Must be global warming or climate change or new ice age I can't keep up
it's summer


----------



## MudSkipper (Jan 11, 2021)

Welcome from Louisiana. Wish we had snook here. Very nice photo.


----------



## Rocksteady1 (Apr 14, 2020)

Welcome. How do you like that outlaw?


----------



## BestofTexas (Jul 18, 2021)

Rocksteady1 said:


> Welcome. How do you like that outlaw?


I really love it. It gets skinny skinny, as mine is pretty much bare bones, so perfect for my area of the coast.


----------



## Rocksteady1 (Apr 14, 2020)

BestofTexas said:


> I really love it. It gets skinny skinny, as mine is pretty much bare bones, so perfect for my area of the coast.
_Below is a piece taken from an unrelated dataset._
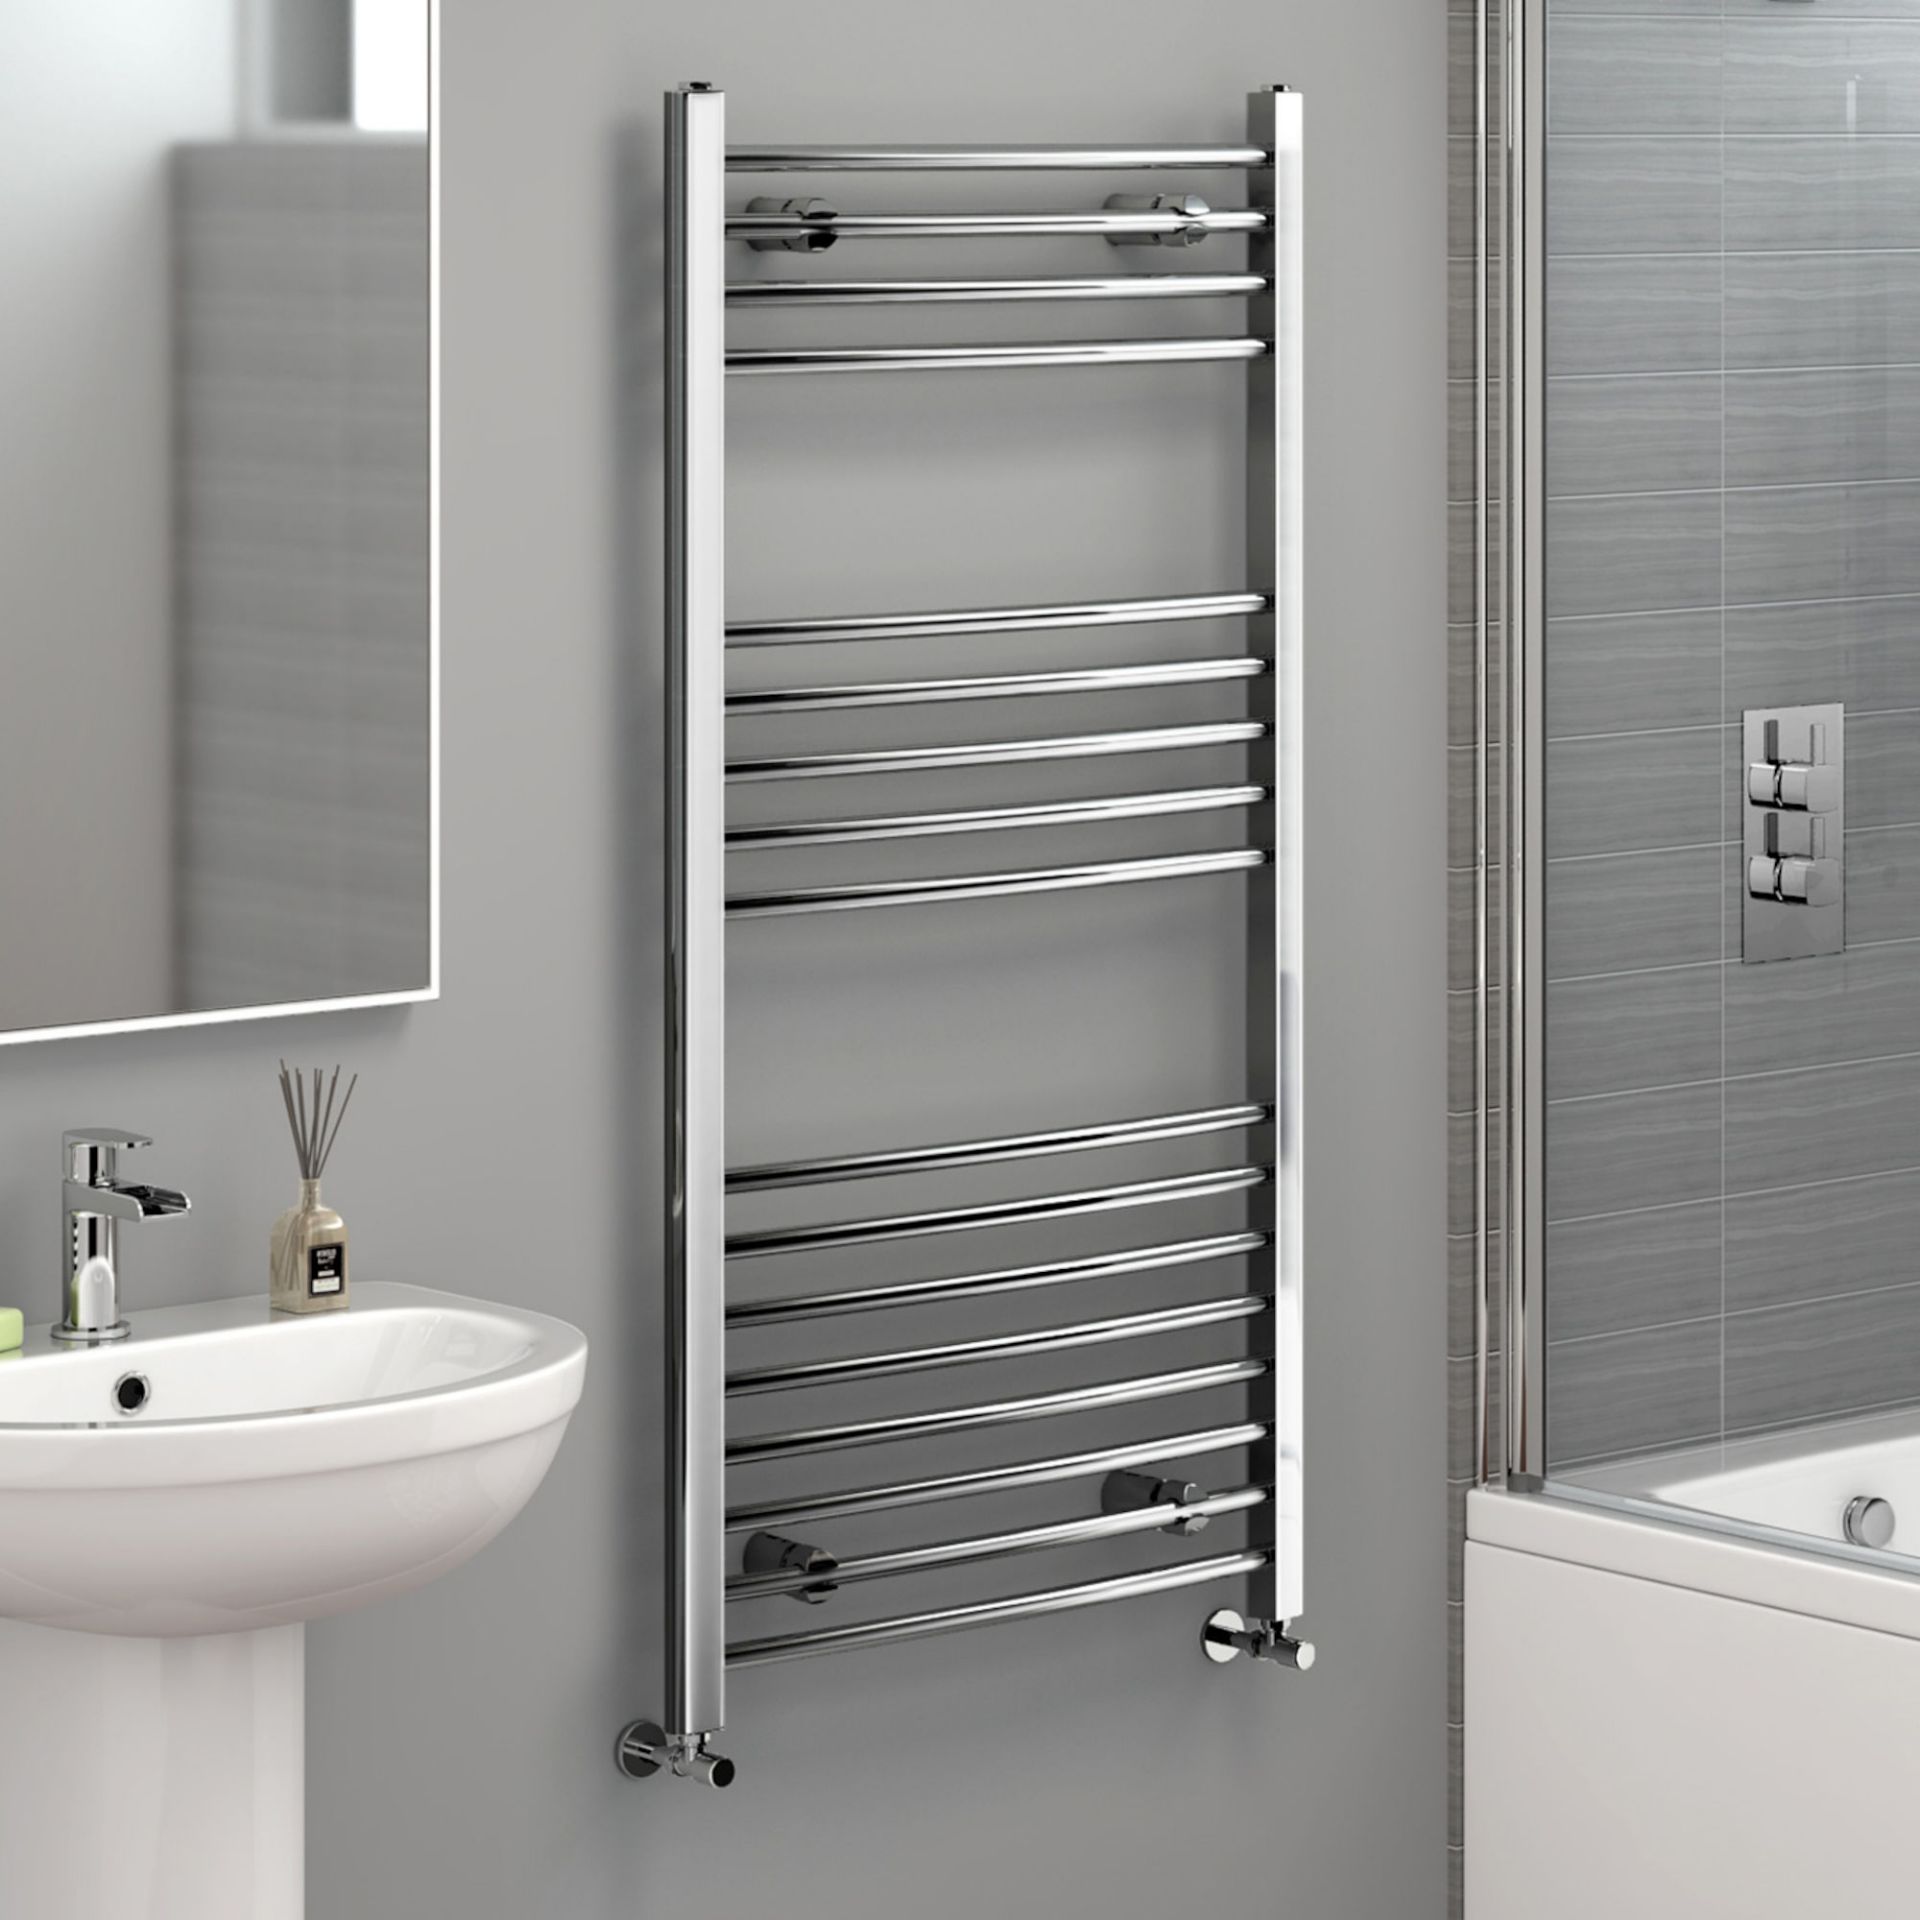 1200x600mm - 20mm Tubes - Chrome Curved Rail Ladder Towel Radiator.NC1200600. Made from chrom...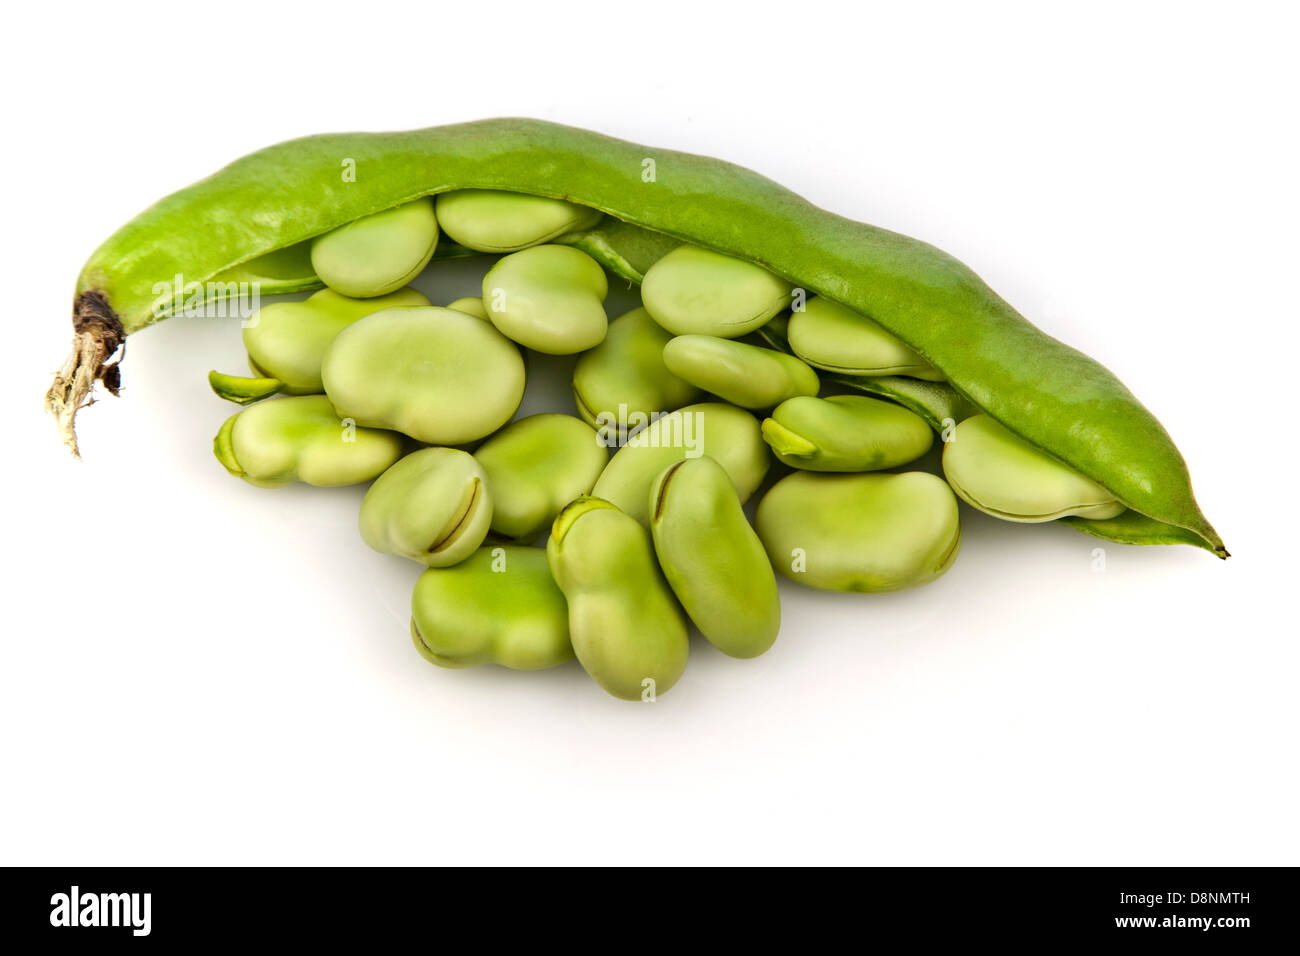 Broad Beans Stock Photo

I’m sending you a direct message on pricing.


----------



## Luis (Jul 4, 2020)

Welcome, awesome boat.


----------



## trekker (Sep 19, 2015)

That a flat brim ?


----------



## BestofTexas (Jul 18, 2021)

trekker said:


> That a flat brim ?


Sure is, been wearing one since the 90’s.


----------



## trekker (Sep 19, 2015)

BestofTexas said:


> Sure is, been wearing one since the 90’s.


Lol. I call BS. Badass boat, Bro. If I had the funds, that's what I would be riding in.


----------



## BestofTexas (Jul 18, 2021)

trekker said:


> Lol. I call BS. Badass boat, Bro. If I had the funds, that's what I would be riding in.


Whatever you say amigo.


----------



## lemaymiami (Feb 9, 2007)

I fished my customers yesterday out of Flamingo in those same hot, humid conditions with little or no wind… Every time we moved it was instant air conditioning - until we stopped at that next spot…
It’s August, and it’s cooking - the way it always does. We’ll be fishing summer conditions all the way until a week or so before Halloween…

By the way, love to see a few more pics of that Drake… and welcome aboard…


----------



## BestofTexas (Jul 18, 2021)

lemaymiami said:


> I fished my customers yesterday out of Flamingo in those same hot, humid conditions with little or no wind… Every time we moved it was instant air conditioning - until we stopped at that next spot…
> It’s August, and it’s cooking - the way it always does. We’ll be fishing summer conditions all the way until a week or so before Halloween…
> 
> By the way, love to see a few more pics of that Drake… and welcome aboard…


The same here amigo, we have one week of fall/winter/spring, other than that it’s summer.


----------



## lemaymiami (Feb 9, 2007)

That’s a great looking skiff…just what’s needed and nothing else…


----------



## Moscateer (Feb 20, 2019)

Welcome!! Nice skiff!


----------



## Moscateer (Feb 20, 2019)

Really digging the chair!


----------



## moore412 (May 20, 2014)

Welcome!


----------



## Atxsalt (Oct 21, 2020)

Welcome. Austin based but fish south of corpus to nine mile.


----------